Sebastián Damiani: “A Biguá lo llevo conmigo a todos lados”

#BiguensesPorElMundo, nuestra sección que repasa el presente de ex jugadores de la institución, llegó hasta Italia para charlar con Sebastián Damiani. Ya retirado y dedicado a ser entrenador en Lecco, nos contó cómo se gestó su carrera en Europa y, también, cómo comenzó su idilio con Biguá.

La región de Lombardía es una de las veinte que conforma la República Italiana. Milán es su ciudad más poblada y uno de los símbolos del país, por su moda y su historia futbolística, y uno de los puntos turísticos favoritos de quienes visitan aquel territorio. A unos 60 kilómetros al norte de allí, se encuentra la ciudad de Lecco, casa de Sebastián Damiani.

El Centro con pasado en Biguá, comienza a contar su historia con la ovalada, justamente, desde aquel comienzo teñido de azul, rojo y blanco. “Al club llegué gracias a un compañero mío que se llama Ariel Chorro, el hermano de Diego Chorro, qué jugaba ahí en Biguá. Un día nos dijo de ir a probar, no me acuerdo si teníamos 6, 7 años, éramos chicos. Y así empezó todo. Mi primer entrenador fue Rolando Molinari, que estaba con Eduardo Sebastián, con Bruza, todos los viejitos que están por ahí todavía. Ellos fueron mis primeros entrenadores”.
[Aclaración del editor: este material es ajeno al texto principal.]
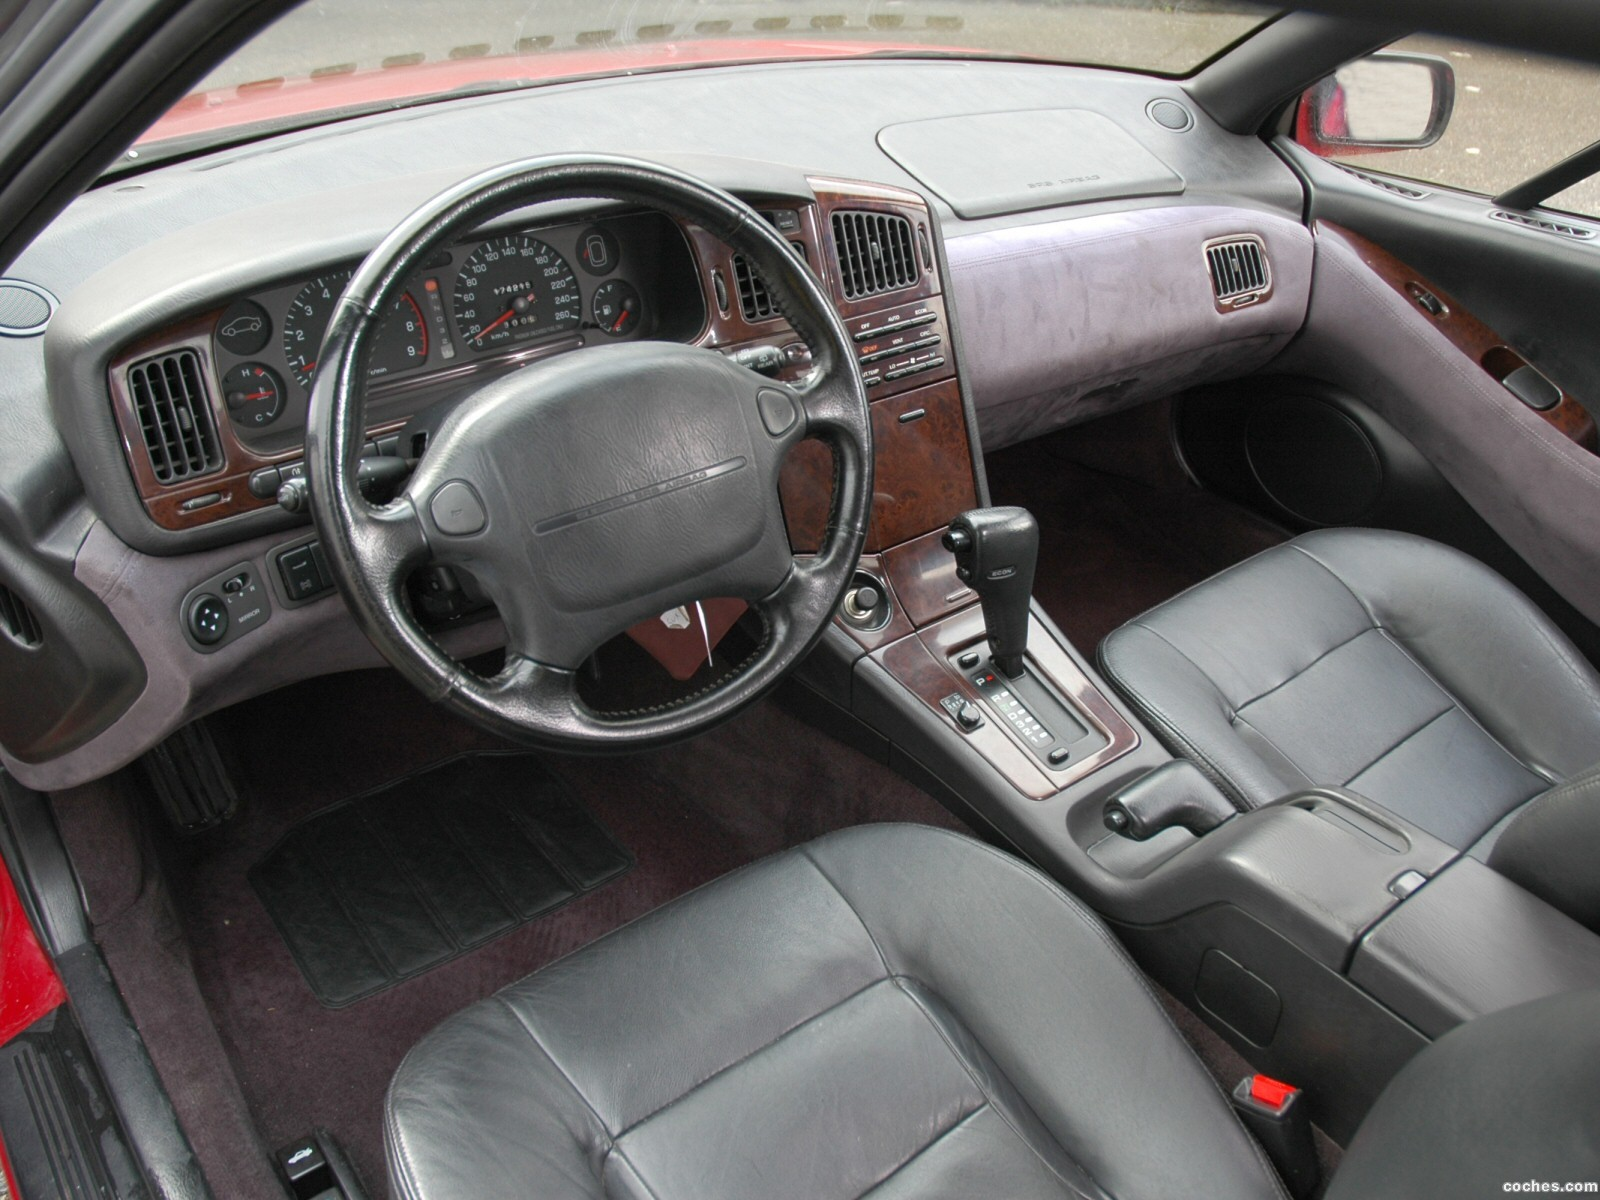 best way to restore steering wheel alcantara its ruining the interior autodetailing. Black Bedroom Furniture Sets. Home Design Ideas
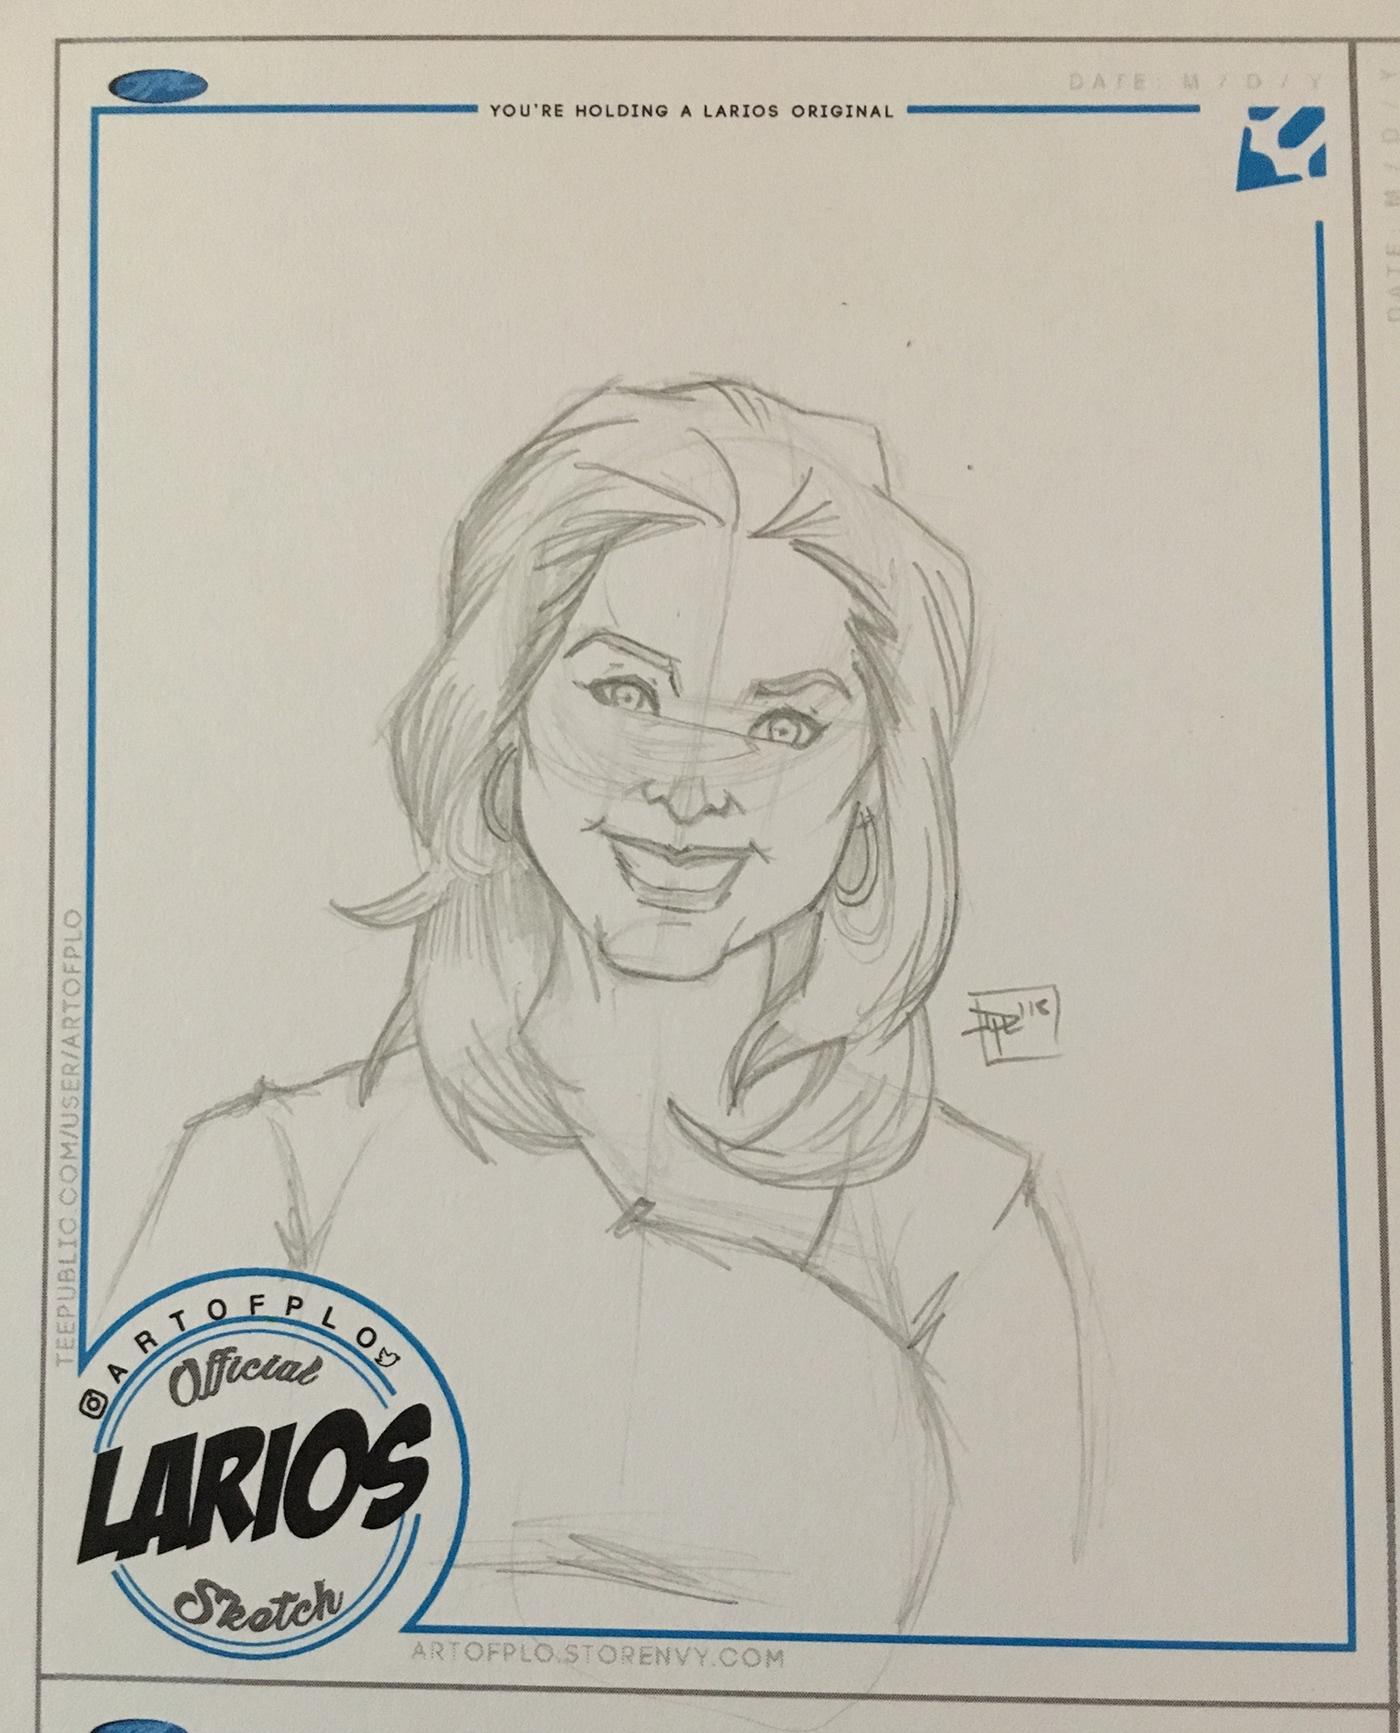 larios,art,sketch,sketches,drawings,portraits

Como todo buen Biguense reconoce que “los sábados en el club eran religión: entrenar a la mañana a las 10, quedarme al mediodía a comer ahí en el buffet milanesas con papa fritas y quedarme para ver si podía enganchar la intermedia, la pre intermedia y la primera y dedicarme a estar todo el día en el club. La pasábamos bárbaro. Y de vez en cuando jugábamos a otras cosas, jugamos con el verano a la tocata, hacíamos otras cosas pero siempre, vida en el club. Te diría que mi viejo me llevaba a las 10 y me iba a buscar a las 7 de la tarde”.

El año 1998 fue un punto de quiebre para Damiani, qué empezó a allanar la autopista que lo llevaría hacia su aventura europea. “En el 98 yo estaba estudiando educación física en Mar del Plata y estaba jugando el Campeonato Juvenil con el Trébol. Yo tenía un amigo, Luís Otaño, que se iba a Italia porque un veedor nos había visto en ese Torneo. Él ya lo conocía entonces me lo presentó a mí, pero decidí quedarme a terminar la carrera, para después irme a probar suerte allá con el título en mano”. Pero el inicio del nuevo Milenio, lo vería desembarcando en Italia, “en el 2000 terminé yendo a jugar acá, a Lecco, que en ese momento jugaba en la Serie C. Después de 2 años acá, quise jugar en lo más alto y di un salto de dos categorías, pase al Top Ten, y me puse la camiseta del Gran Parma. Jugué en un gran nivel, con jugadores internacionales, jugué muchos años con Lisandro Arbizu, jugué con Lucas Ostiglia, pude jugar Copa Europa, fui seleccionado por Italia A para jugar dos amistosos con Tonga, fue una gran experiencia. Después pase al Crociati Rugby Club, también de Parma, en donde llegamos a dos finales y las perdimos. En total, pasé cómo 12 años en la misma ciudad junto a mi familia y jugando a un gran nivel”.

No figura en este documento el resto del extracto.